## What the exercise asks
Each line from the start of the entries through the line that contains "日本製 タミーちゃん - 昔のおもちゃ買取専門店モズライト出張買取" should be output exactly, please.

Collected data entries
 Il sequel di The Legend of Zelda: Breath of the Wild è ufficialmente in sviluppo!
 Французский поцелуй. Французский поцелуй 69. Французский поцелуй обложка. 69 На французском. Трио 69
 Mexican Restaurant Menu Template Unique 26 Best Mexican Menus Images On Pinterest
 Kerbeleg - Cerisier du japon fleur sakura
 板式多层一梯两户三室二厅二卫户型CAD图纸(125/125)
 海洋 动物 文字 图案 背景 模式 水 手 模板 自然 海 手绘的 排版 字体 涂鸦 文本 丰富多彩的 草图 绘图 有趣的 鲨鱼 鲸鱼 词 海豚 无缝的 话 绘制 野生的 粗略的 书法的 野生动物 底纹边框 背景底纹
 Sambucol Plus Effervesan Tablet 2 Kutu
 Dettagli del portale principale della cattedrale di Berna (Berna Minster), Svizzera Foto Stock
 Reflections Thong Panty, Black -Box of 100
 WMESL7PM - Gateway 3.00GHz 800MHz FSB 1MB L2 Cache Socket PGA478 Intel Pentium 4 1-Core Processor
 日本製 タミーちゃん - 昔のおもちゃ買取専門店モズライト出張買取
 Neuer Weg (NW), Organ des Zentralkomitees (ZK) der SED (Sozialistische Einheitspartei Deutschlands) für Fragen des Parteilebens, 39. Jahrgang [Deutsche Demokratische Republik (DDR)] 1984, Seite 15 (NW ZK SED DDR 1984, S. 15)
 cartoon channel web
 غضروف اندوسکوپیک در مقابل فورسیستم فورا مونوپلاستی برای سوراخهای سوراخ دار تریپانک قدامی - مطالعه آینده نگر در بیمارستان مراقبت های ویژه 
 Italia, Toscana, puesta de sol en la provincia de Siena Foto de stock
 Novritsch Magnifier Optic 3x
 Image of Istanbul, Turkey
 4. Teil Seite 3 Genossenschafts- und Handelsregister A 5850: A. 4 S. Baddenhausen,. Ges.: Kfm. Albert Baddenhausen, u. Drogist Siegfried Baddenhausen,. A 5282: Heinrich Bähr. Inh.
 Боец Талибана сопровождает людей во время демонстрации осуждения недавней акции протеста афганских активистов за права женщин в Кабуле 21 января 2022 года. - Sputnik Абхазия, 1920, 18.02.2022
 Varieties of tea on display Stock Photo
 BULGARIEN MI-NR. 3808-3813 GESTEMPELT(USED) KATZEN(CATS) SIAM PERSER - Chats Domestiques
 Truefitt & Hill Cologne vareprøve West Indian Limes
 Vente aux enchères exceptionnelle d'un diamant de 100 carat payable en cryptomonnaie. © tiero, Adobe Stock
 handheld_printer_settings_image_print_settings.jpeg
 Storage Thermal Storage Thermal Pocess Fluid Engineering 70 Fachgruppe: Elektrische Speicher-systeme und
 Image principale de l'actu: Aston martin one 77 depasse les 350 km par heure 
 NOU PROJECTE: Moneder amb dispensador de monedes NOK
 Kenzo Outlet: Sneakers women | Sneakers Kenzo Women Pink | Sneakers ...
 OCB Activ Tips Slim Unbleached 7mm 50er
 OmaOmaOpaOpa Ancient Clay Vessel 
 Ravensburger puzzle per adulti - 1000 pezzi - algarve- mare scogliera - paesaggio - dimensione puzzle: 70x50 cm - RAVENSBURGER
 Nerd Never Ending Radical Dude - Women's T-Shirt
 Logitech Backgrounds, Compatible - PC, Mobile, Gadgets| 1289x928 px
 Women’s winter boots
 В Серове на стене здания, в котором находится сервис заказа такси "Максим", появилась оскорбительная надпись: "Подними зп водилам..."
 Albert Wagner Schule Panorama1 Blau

## Response box
 Il sequel di The Legend of Zelda: Breath of the Wild è ufficialmente in sviluppo!
 Французский поцелуй. Французский поцелуй 69. Французский поцелуй обложка. 69 На французском. Трио 69
 Mexican Restaurant Menu Template Unique 26 Best Mexican Menus Images On Pinterest
 Kerbeleg - Cerisier du japon fleur sakura
 板式多层一梯两户三室二厅二卫户型CAD图纸(125/125)
 海洋 动物 文字 图案 背景 模式 水 手 模板 自然 海 手绘的 排版 字体 涂鸦 文本 丰富多彩的 草图 绘图 有趣的 鲨鱼 鲸鱼 词 海豚 无缝的 话 绘制 野生的 粗略的 书法的 野生动物 底纹边框 背景底纹
 Sambucol Plus Effervesan Tablet 2 Kutu
 Dettagli del portale principale della cattedrale di Berna (Berna Minster), Svizzera Foto Stock
 Reflections Thong Panty, Black -Box of 100
 WMESL7PM - Gateway 3.00GHz 800MHz FSB 1MB L2 Cache Socket PGA478 Intel Pentium 4 1-Core Processor
 日本製 タミーちゃん - 昔のおもちゃ買取専門店モズライト出張買取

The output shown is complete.